▼▼▼

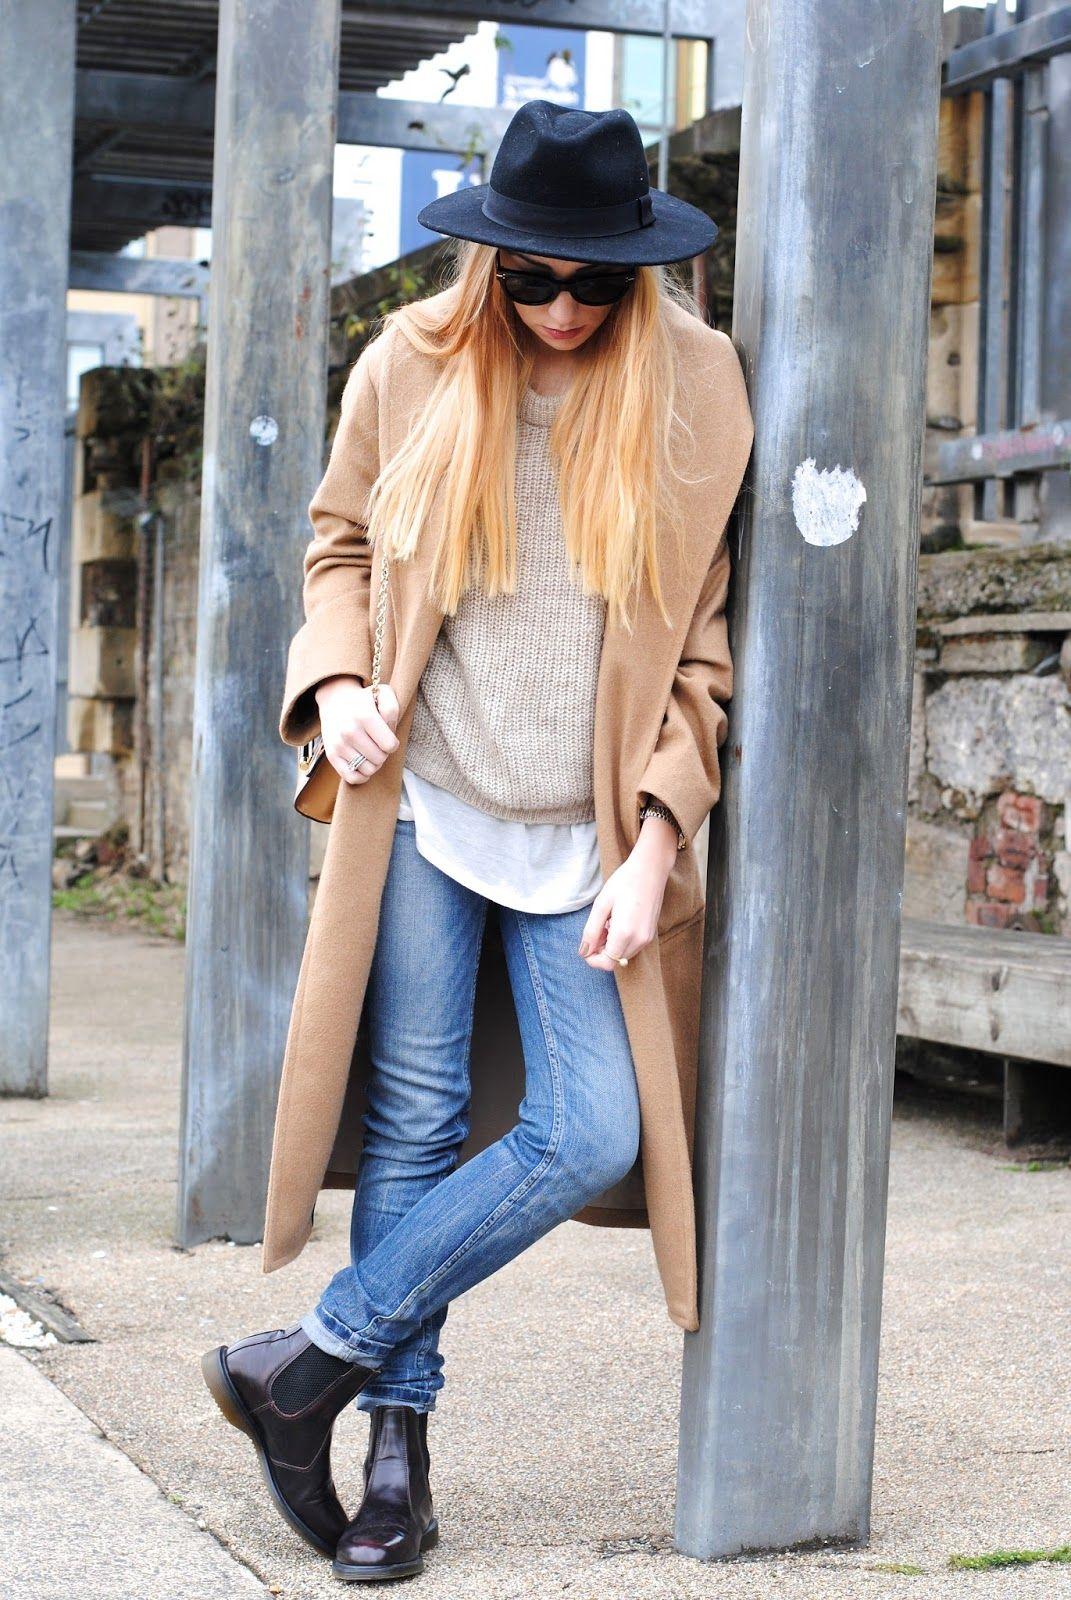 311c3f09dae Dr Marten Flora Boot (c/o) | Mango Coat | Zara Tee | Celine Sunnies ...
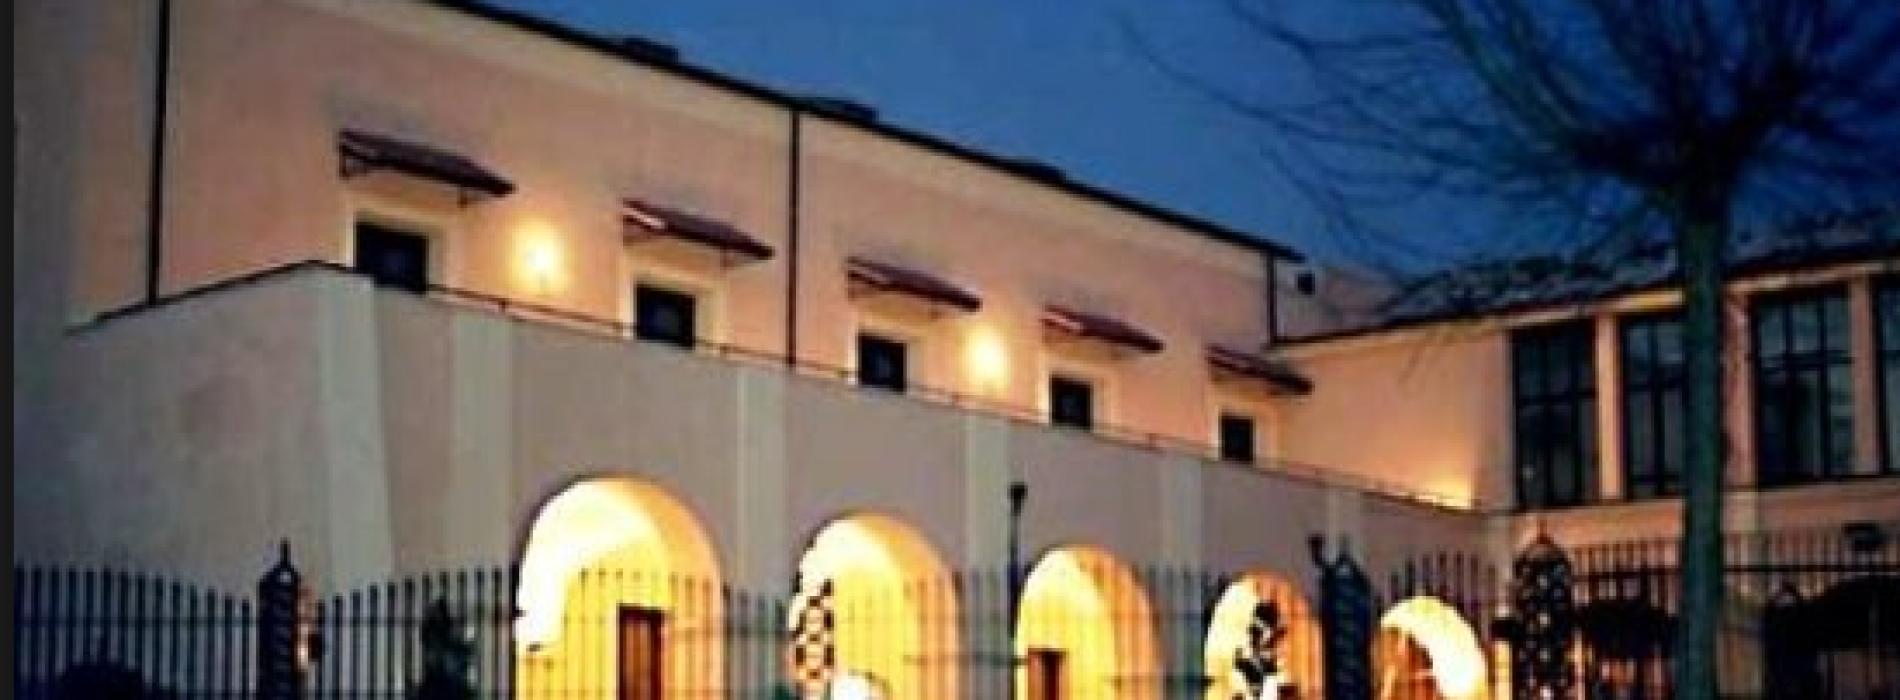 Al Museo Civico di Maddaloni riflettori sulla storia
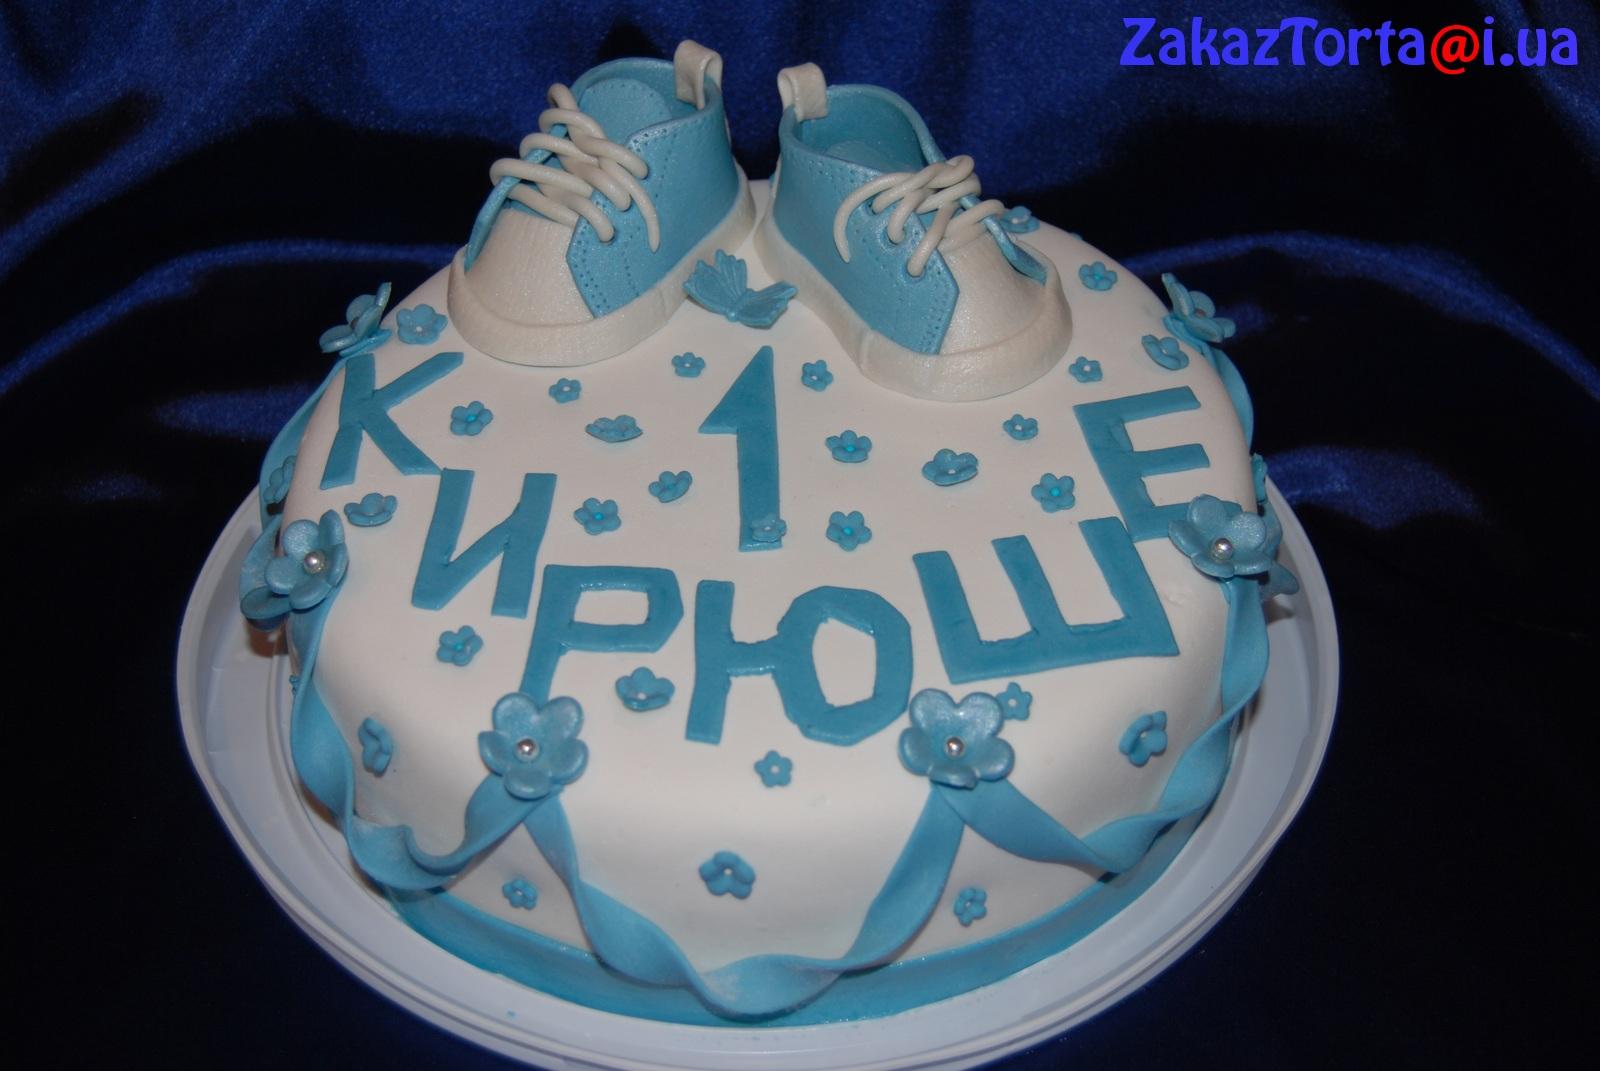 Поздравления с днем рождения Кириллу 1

▲▲▲

(TASK TO COMPLETE):
Reproduce the data in full. Do not carry over any picture.

(ANSWER TO THIS TASK):
 311c3f09dae Dr Marten Flora Boot (c/o) | Mango Coat | Zara Tee | Celine Sunnies ...
 Al Museo Civico di Maddaloni riflettori sulla storia
 Поздравления с днем рождения Кириллу 1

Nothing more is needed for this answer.